● **Material supplied**:
********************

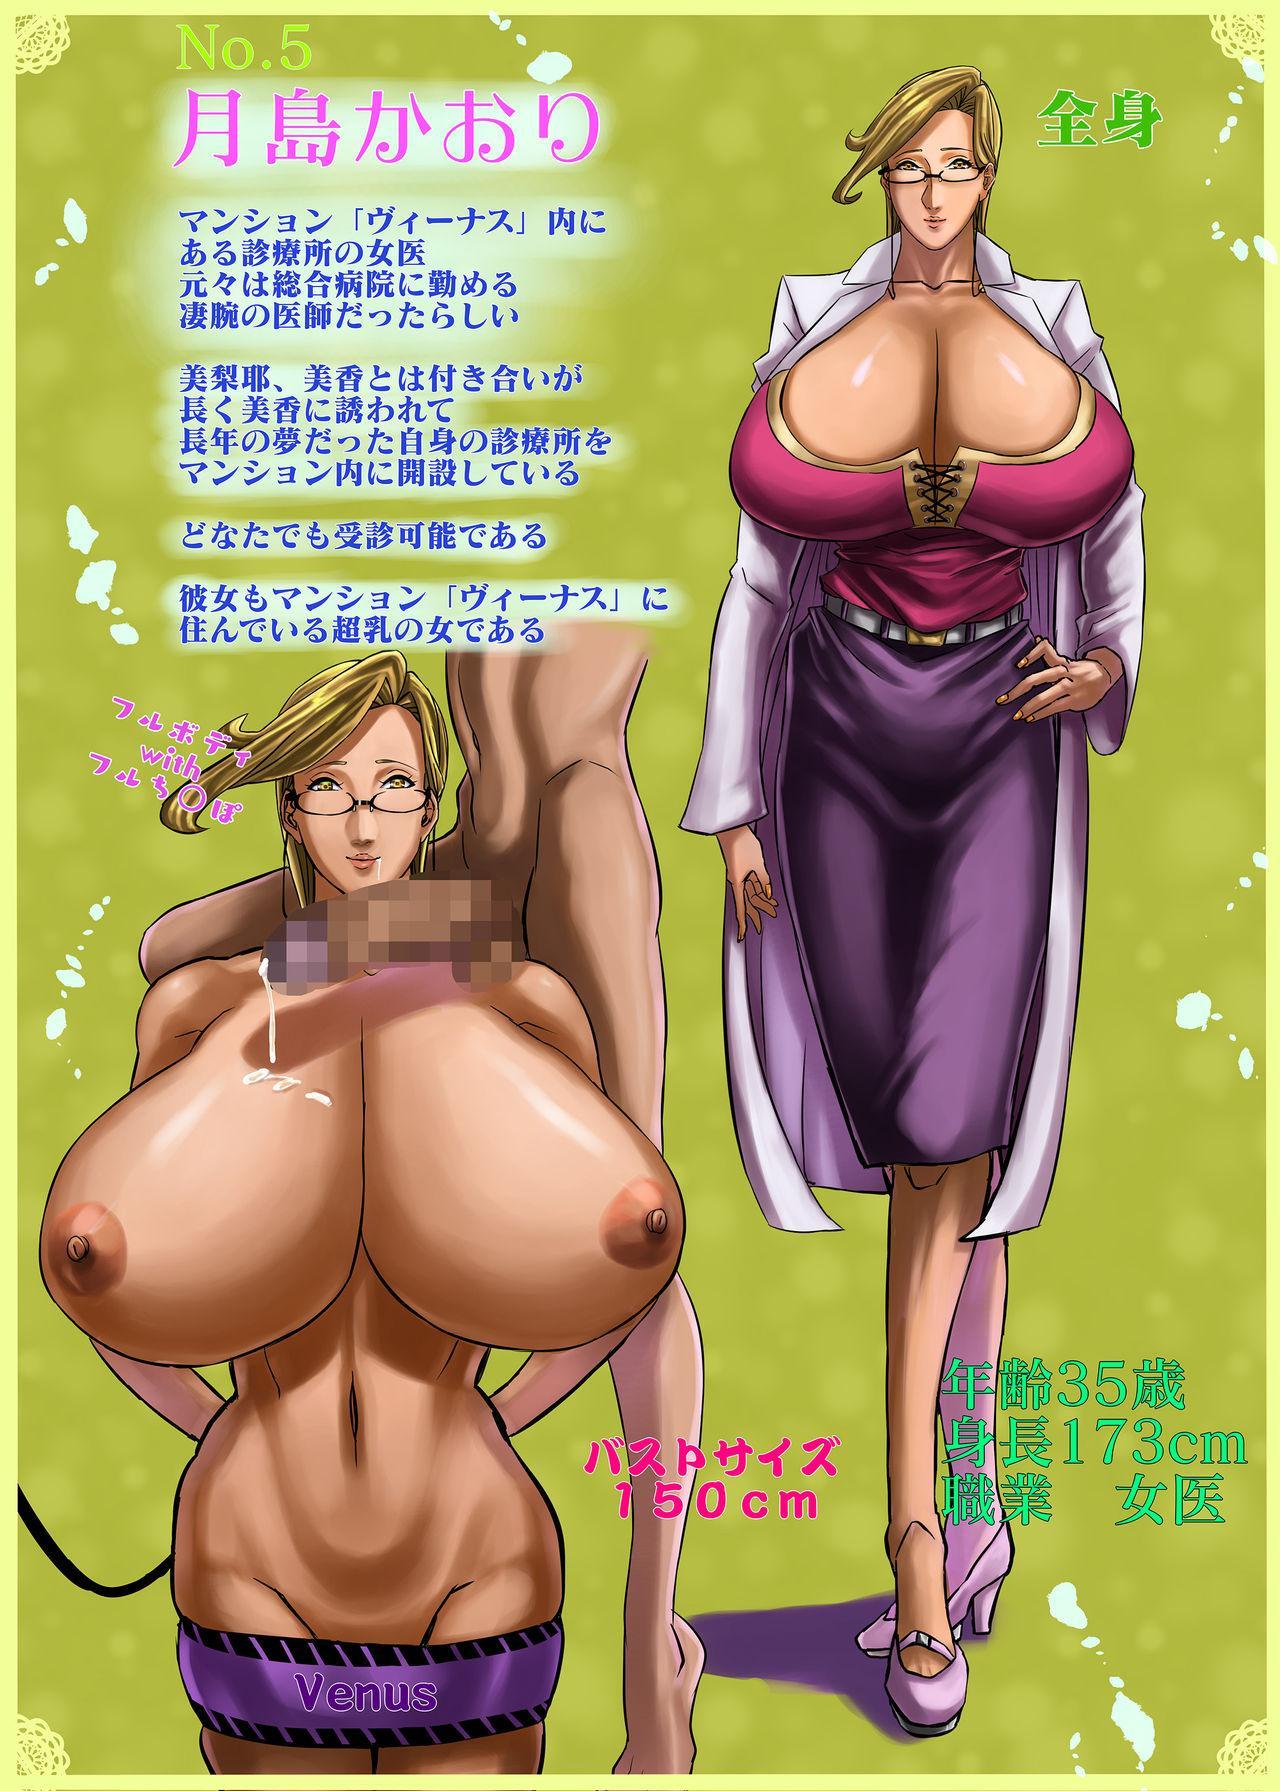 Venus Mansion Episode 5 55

********************

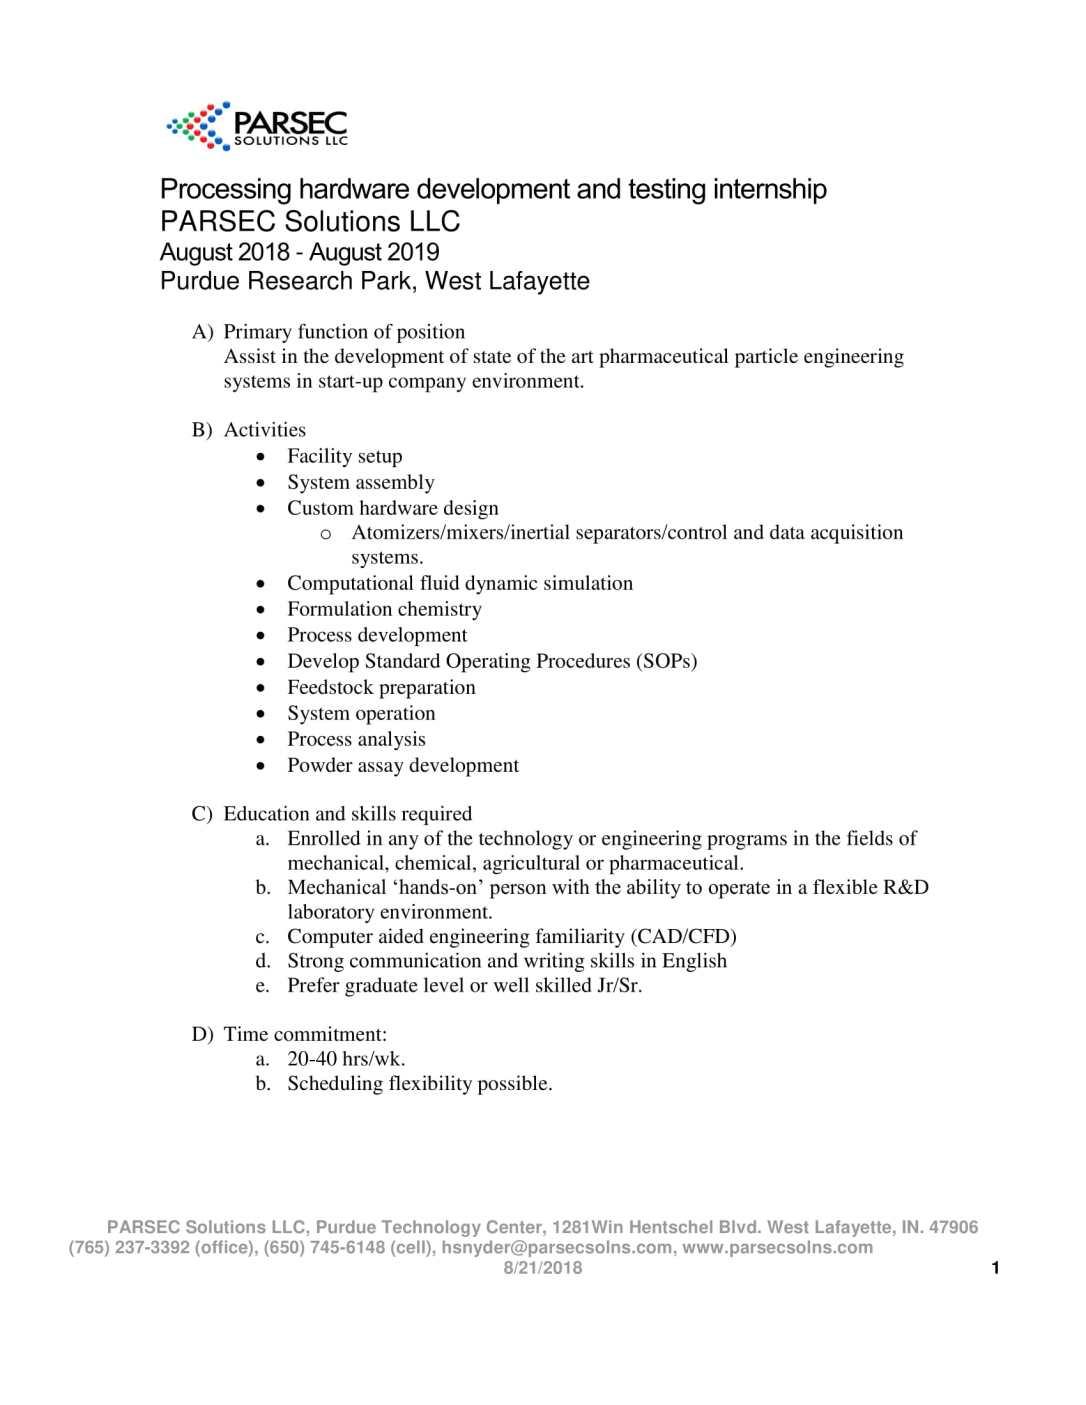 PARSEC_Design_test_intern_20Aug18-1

********************

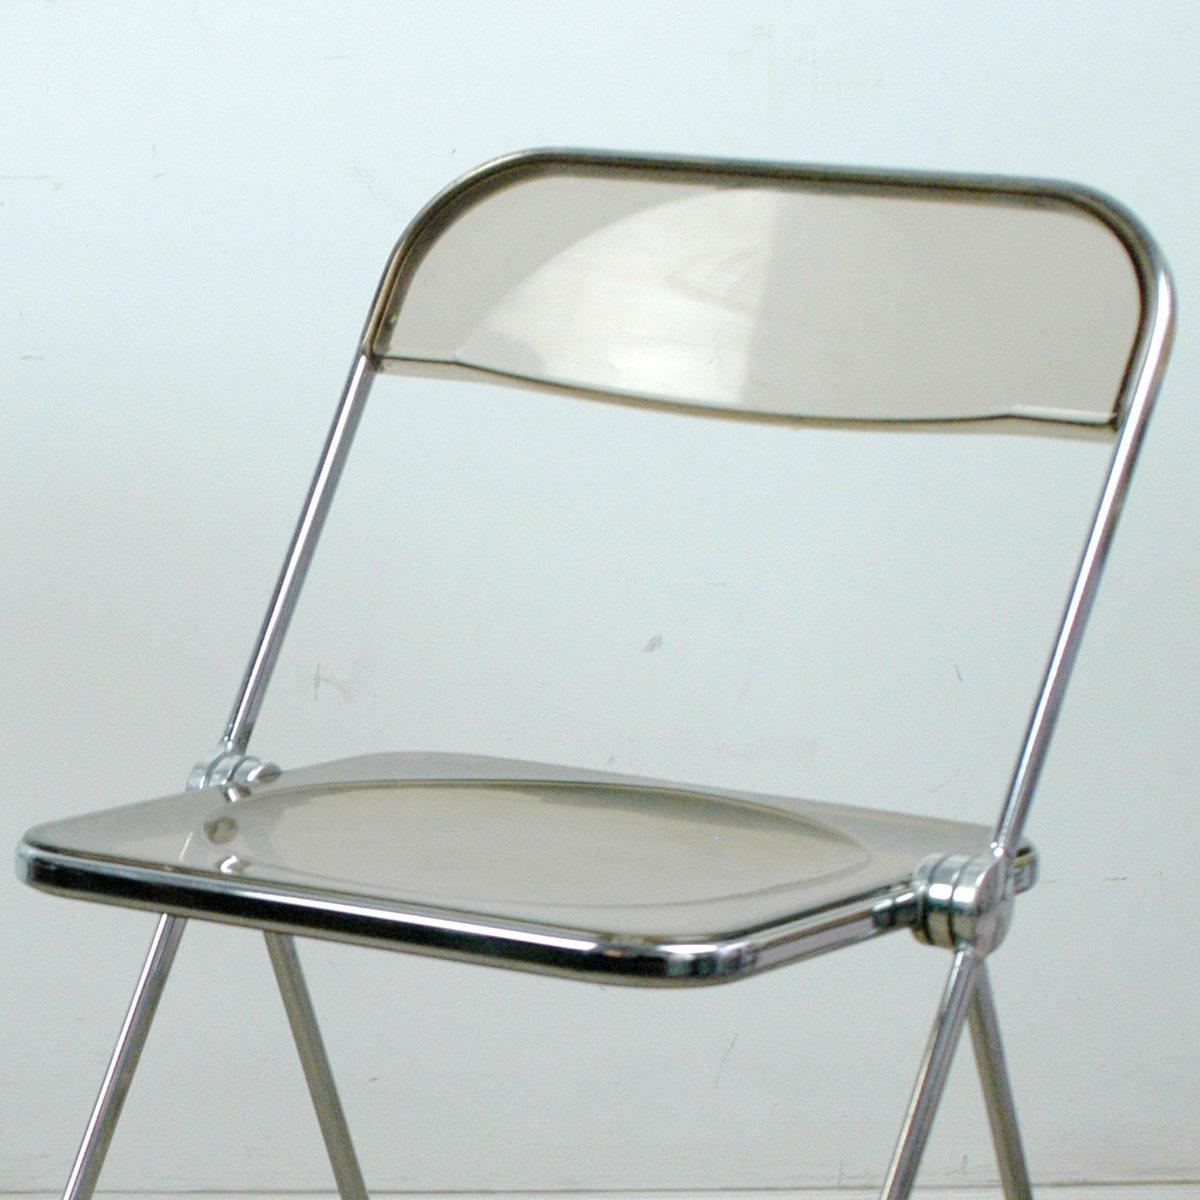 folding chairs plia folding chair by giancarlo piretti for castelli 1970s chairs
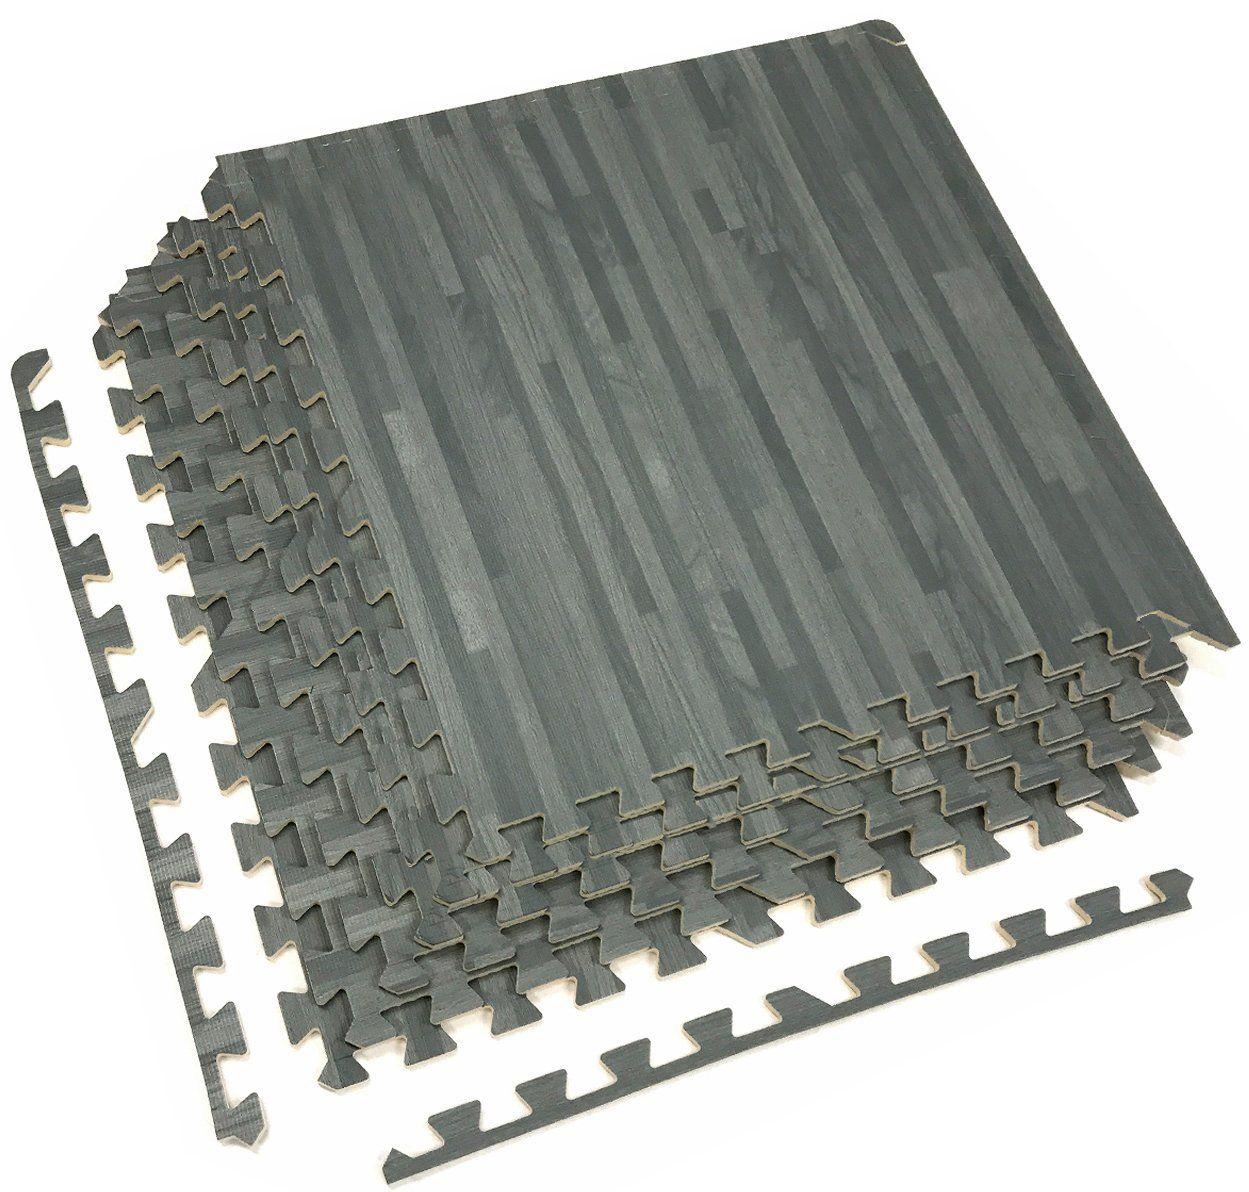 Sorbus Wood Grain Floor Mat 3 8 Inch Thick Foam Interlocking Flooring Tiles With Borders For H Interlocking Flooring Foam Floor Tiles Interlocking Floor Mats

********************

● **Your task**: Using the data above, print only the lines starting at the one with "folding chairs plia" and ending at the one with "Sorbus Wood Grain", exactly as they stand, minus the pictures.

● **Result**:
 folding chairs plia folding chair by giancarlo piretti for castelli 1970s chairs
 Sorbus Wood Grain Floor Mat 3 8 Inch Thick Foam Interlocking Flooring Tiles With Borders For H Interlocking Flooring Foam Floor Tiles Interlocking Floor Mats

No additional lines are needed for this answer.